Постель уже приготовлена. Он запер дверь, наслаждаясь одиночеством. Открыл окно, чтобы перед сном еще немного подышать свежим воздухом. Разделся, кое-как разместил снятые с себя вещи, умылся, почистил зубы. Три створки туалетного зеркала отразили его лицо, желтое, одутловатое, потное. Оно не понравилось ему. Но глупым, во всяком случае, его нельзя назвать, этого на могли утверждать даже германские генералы, его враги. Он принял снотворное - без снотворного он не засыпал в поезде - и таблетку пирамидона, чтобы проснуться завтра без головной боли. Включил настольную лампу, выключил верхний свет. Разозлился, как всегда, что одеяло так крепко зажато между диваном и стеной. Вытащил его оттуда, вытянулся удобно, закутался.
Так, теперь все в порядке, все хорошо. "О королева, как прекрасна жизнь!" Только дороговата. Одна поездка - он уж знает себя - обойдется ему около четырех тысяч франков. Дитману на покрытие расходов придется тоже дать тысячи две-три, еще две тысячи уйдут на паспорт. Это много - и это мало. В Берлине он иной раз зарабатывал такие деньги за две недели, у Гингольда ему для этого нужно гнуть спину три месяца. Ильзе не стоит рассказывать, как дорого обойдется поездка. В сущности, надо было бы ее попросить на ближайшие месяцы несколько сократиться. Но это выше его сил. Стоит ему вспомнить, что было, когда они из дорогого отеля "Рояль" переселились в более дешевую гостиницу "Атлантик", и у него заранее отнимается язык.

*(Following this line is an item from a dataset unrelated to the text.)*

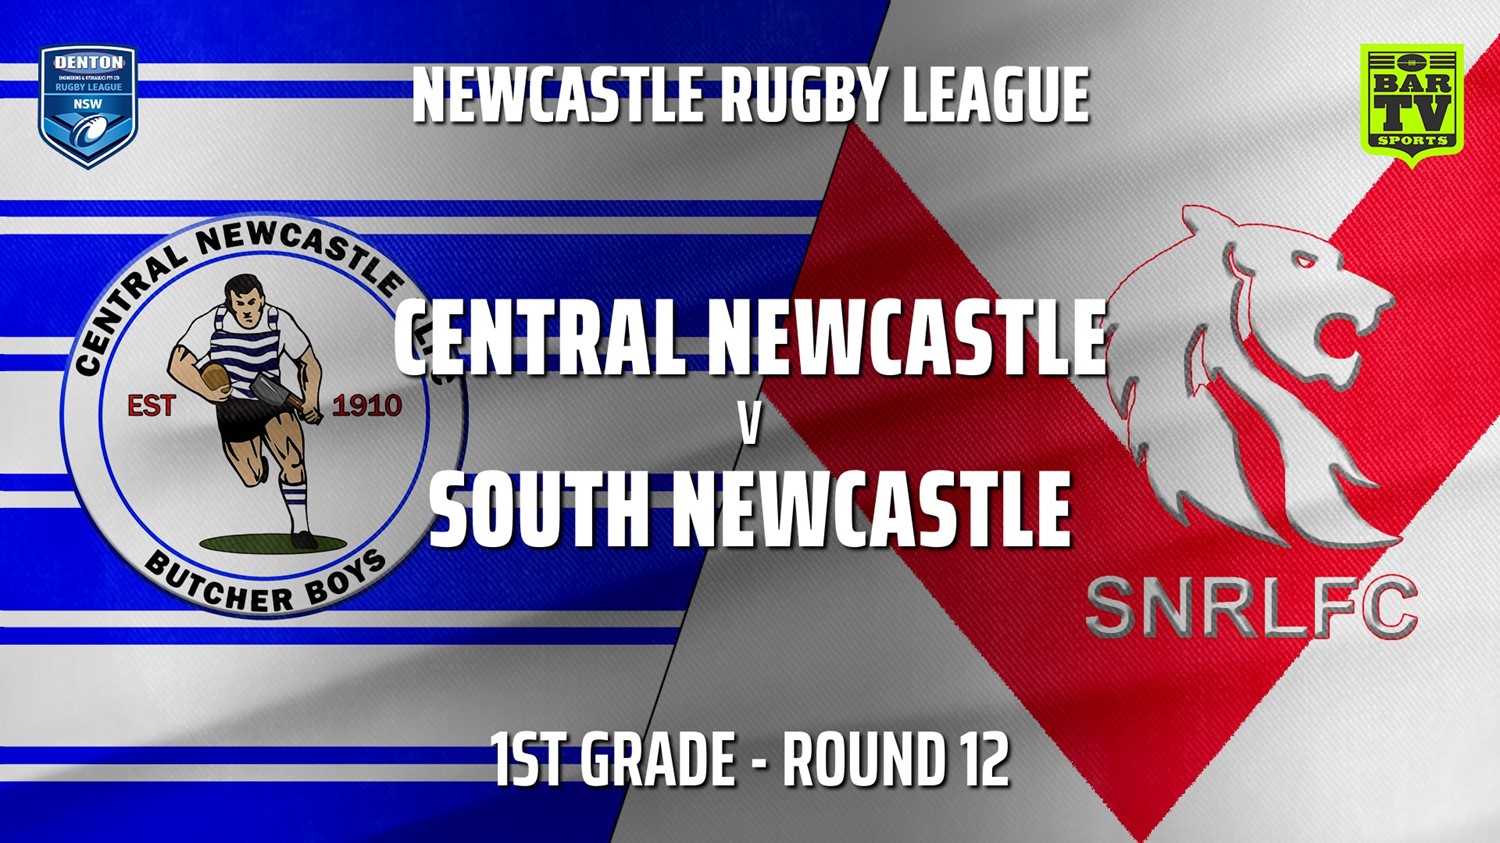 210620-Newcastle Round 12 - 1st Grade - Central Newcastle v South Newcastle Slate Image

Почти десять тысяч франков. И за что? За удостоверение личности, за дурацкий клочок бумажки. Томас Манн, глядя на младенца, родившегося у кого-то из его цюрихских знакомых, воскликнул: "Всего восемь дней от роду - и уже швейцарец!" Горькая острота. Беттина Ламмерс, которая не имеет обыкновения врать, рассказывала, что она ходила в префектуру семьдесят восемь раз. Ее посылали от одного окошечка к другому, а документа она так и по сей день не получила.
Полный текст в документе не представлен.